Global and Local Nilpotent Bases of Matrices

TL;DR

This paper explores the properties of Witt bases in Clifford geometric algebras, introducing local duality and linking it to Fourier and Wavelet transforms, with implications for matrix representations.

Contribution

It introduces a new concept of local duality in Witt bases and connects it to Fourier and Wavelet transforms, expanding understanding of geometric algebra structures.

Findings

Local duality enables defining real geometric algebras via complexification.

A relationship between duality concepts and matrix representations is established.

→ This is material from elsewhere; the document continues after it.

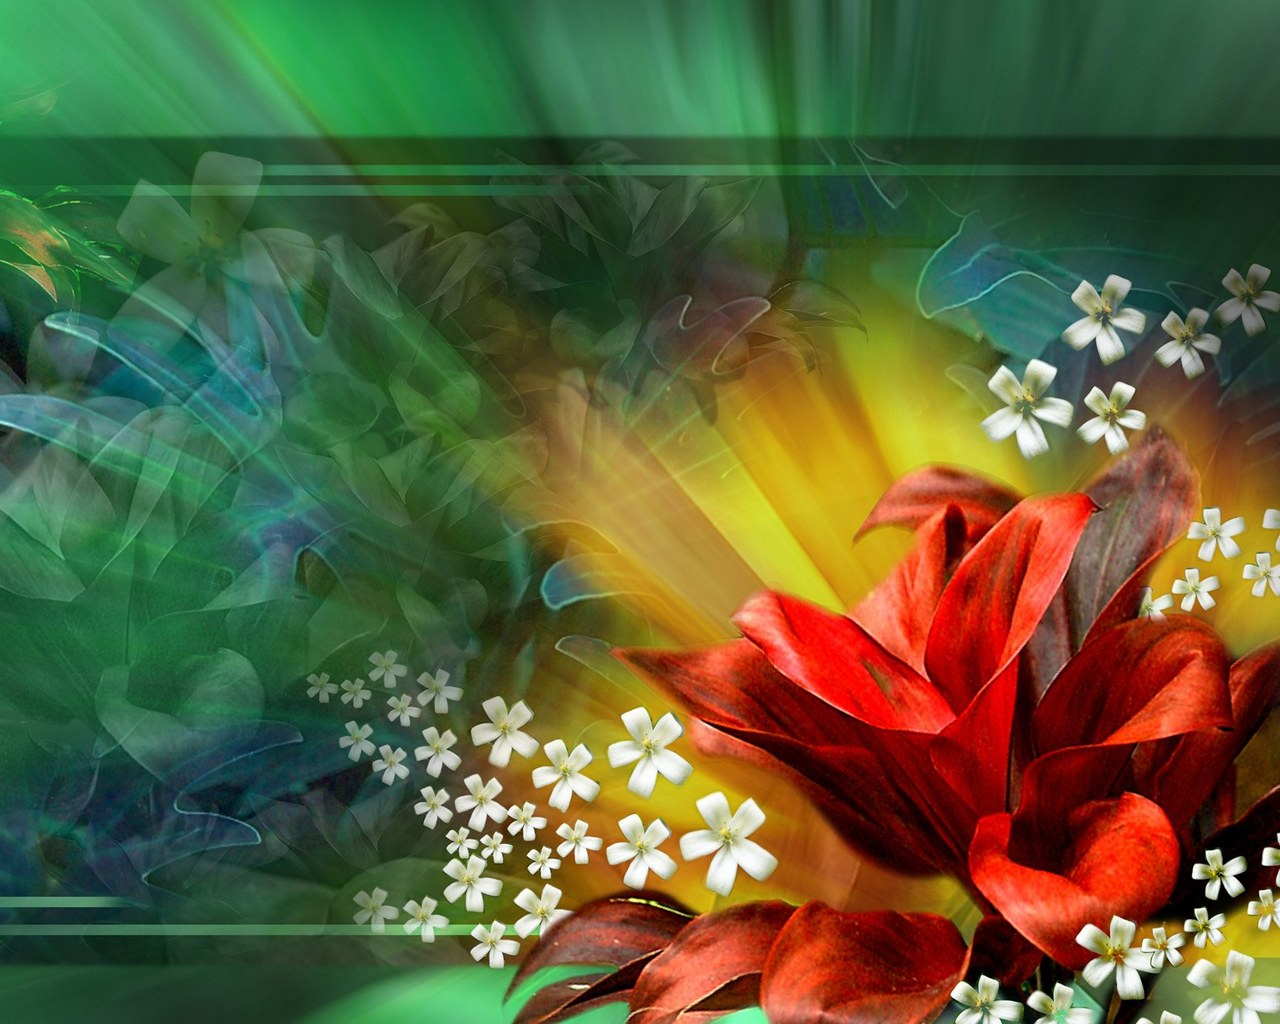 http://2.bp.blogspot.com/-Iv1o6shdMPo/T8h677RnOtI/AAAAAAAADxw/xdynLzbitd4/s1600/desktop-wallpaper-17.jpg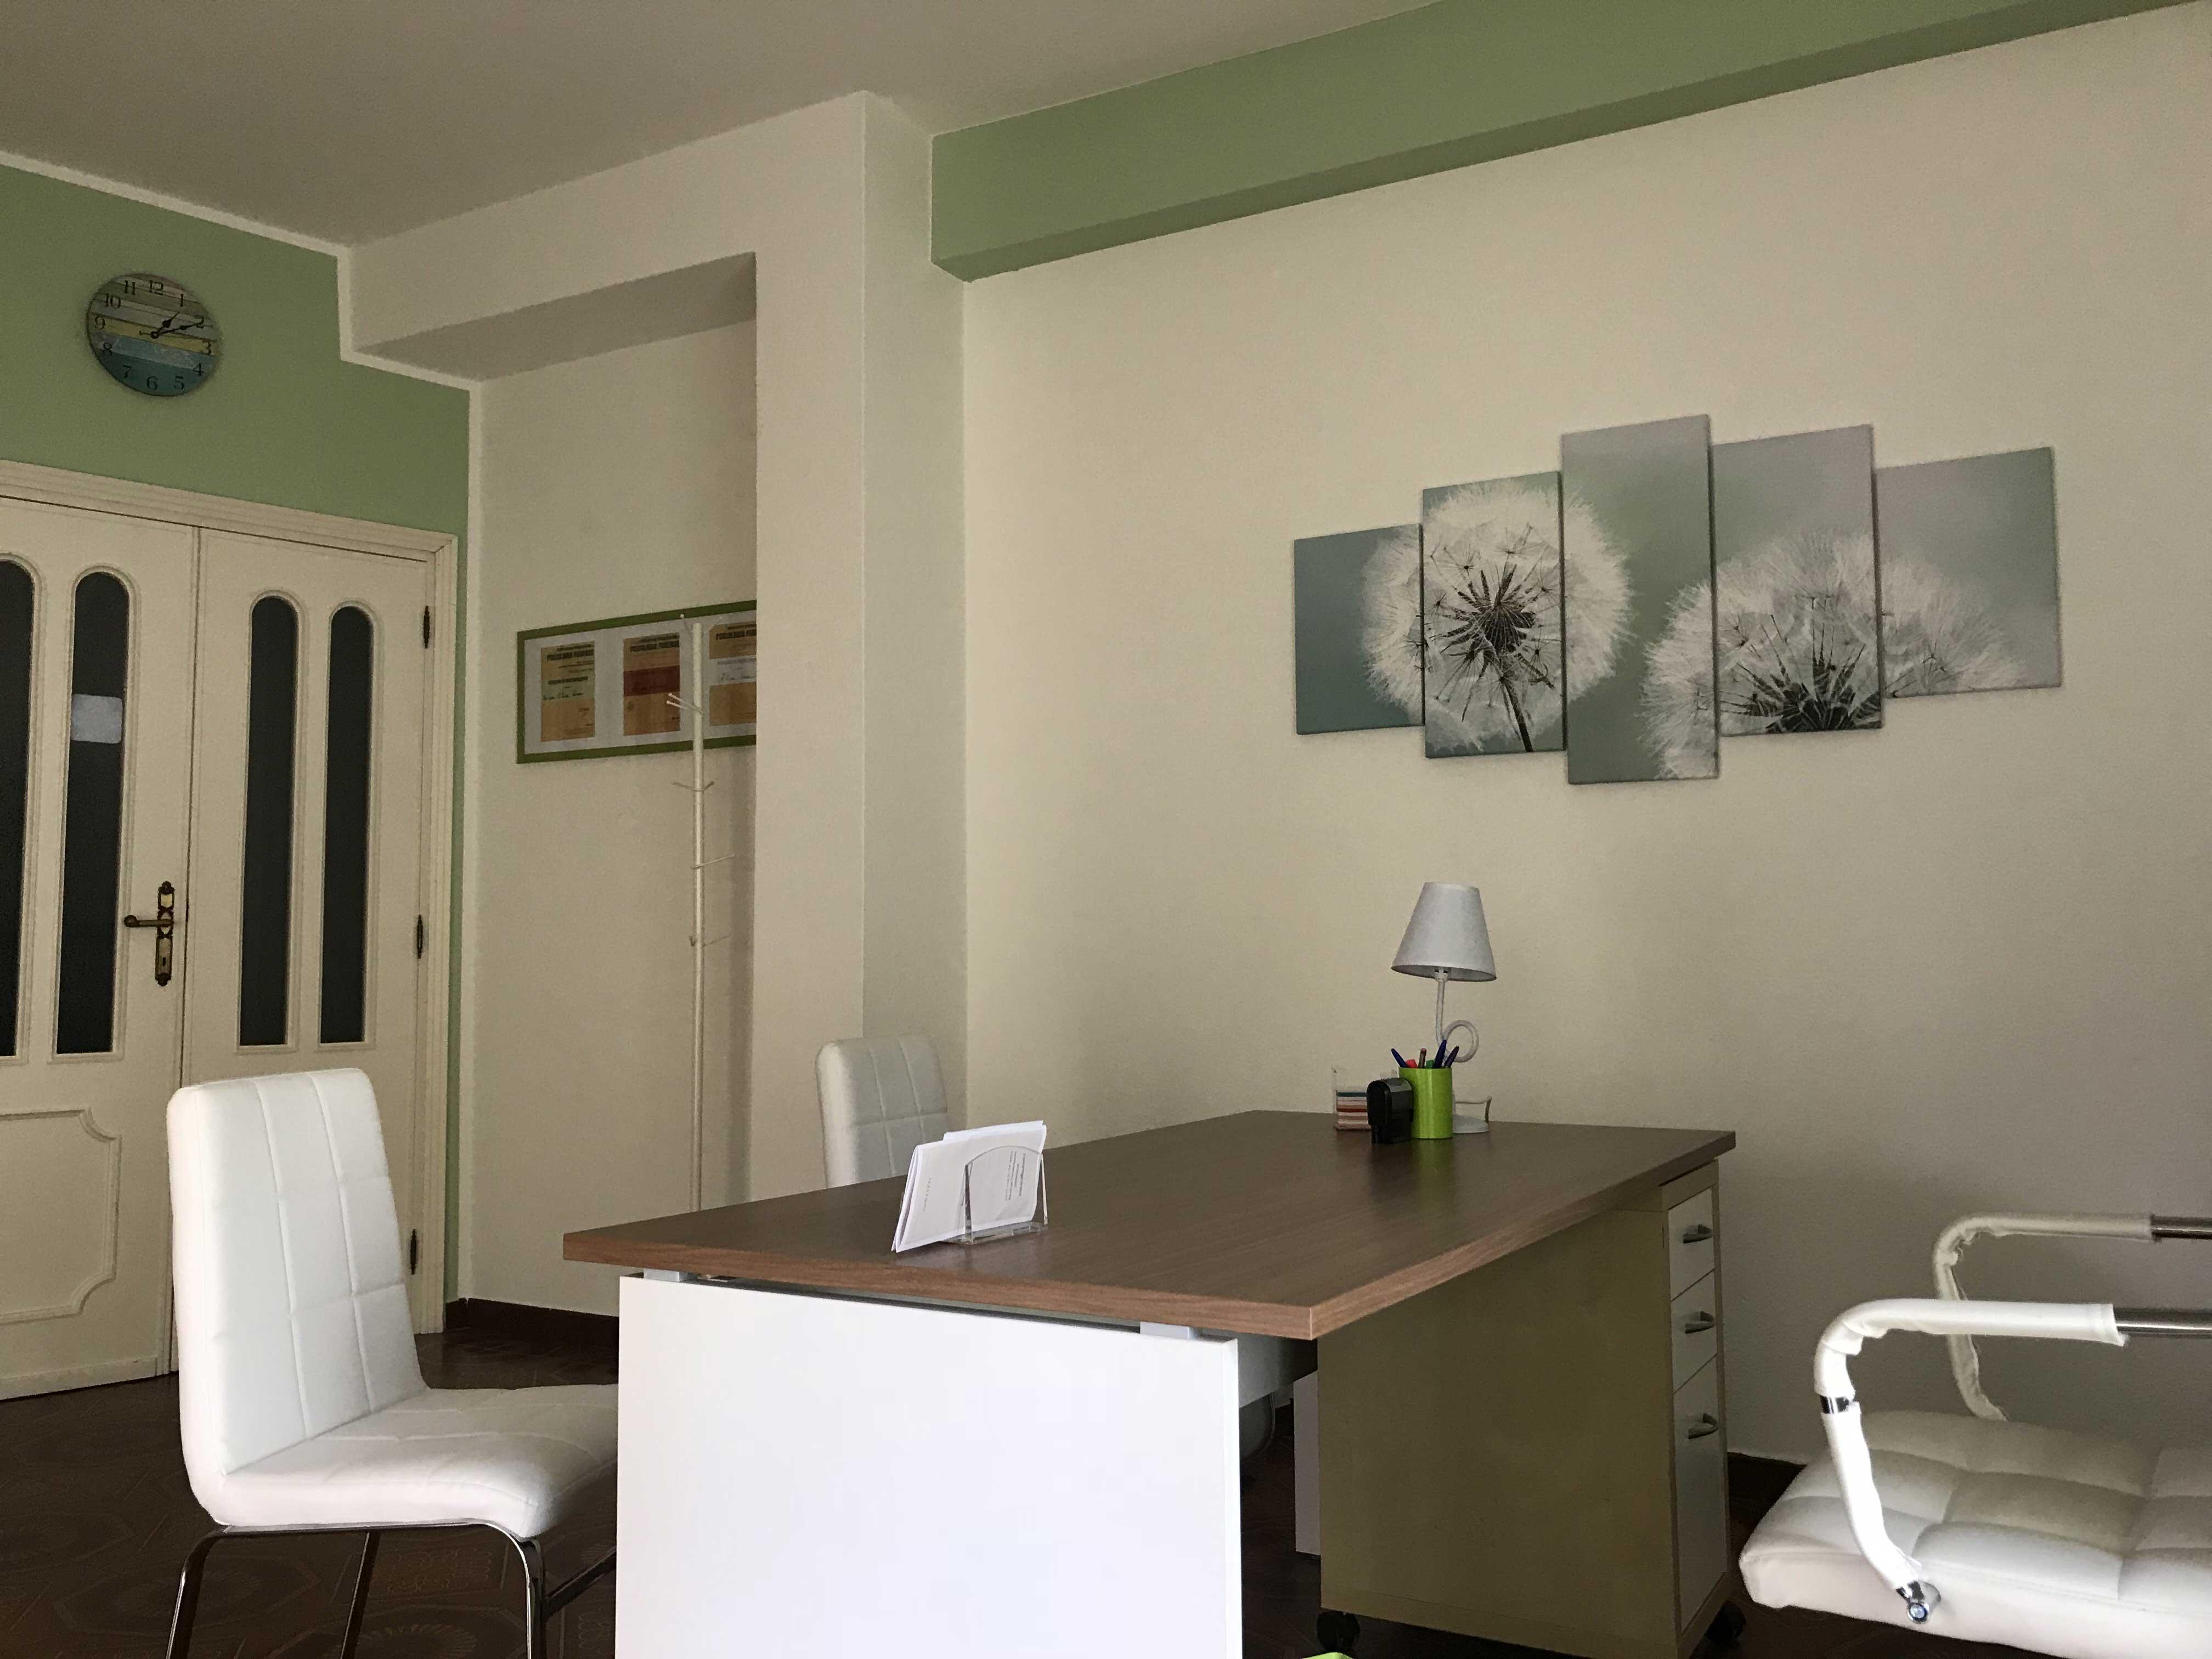 Studio-psicologa-Nuoro-Arca-quadro-verde

A connection between duality and Fourier/Wavelet transforms is demonstrated.

Abstract

In studying the unusual properties of a special Witt basis of a Clifford geometric algebra with a Lorentz metric, a new concept of local duality makes it possible to define any real geometric algebra by complexifying this structure. Whereas a global basis of Witt null vectors is defined in terms of a pair of correlated Grassmann algebras in a geometric algebra of neutral signature, the special Witt basis of a Lorentz geometric algebra is defined in terms of a single Grassmann algebra. The relationship between these different concepts of duality, and their matrix representations, is studied in terms of simple examples. A surprising connection is exhibited between discrete Fourier and Wavelet transforms and the concept of local duality.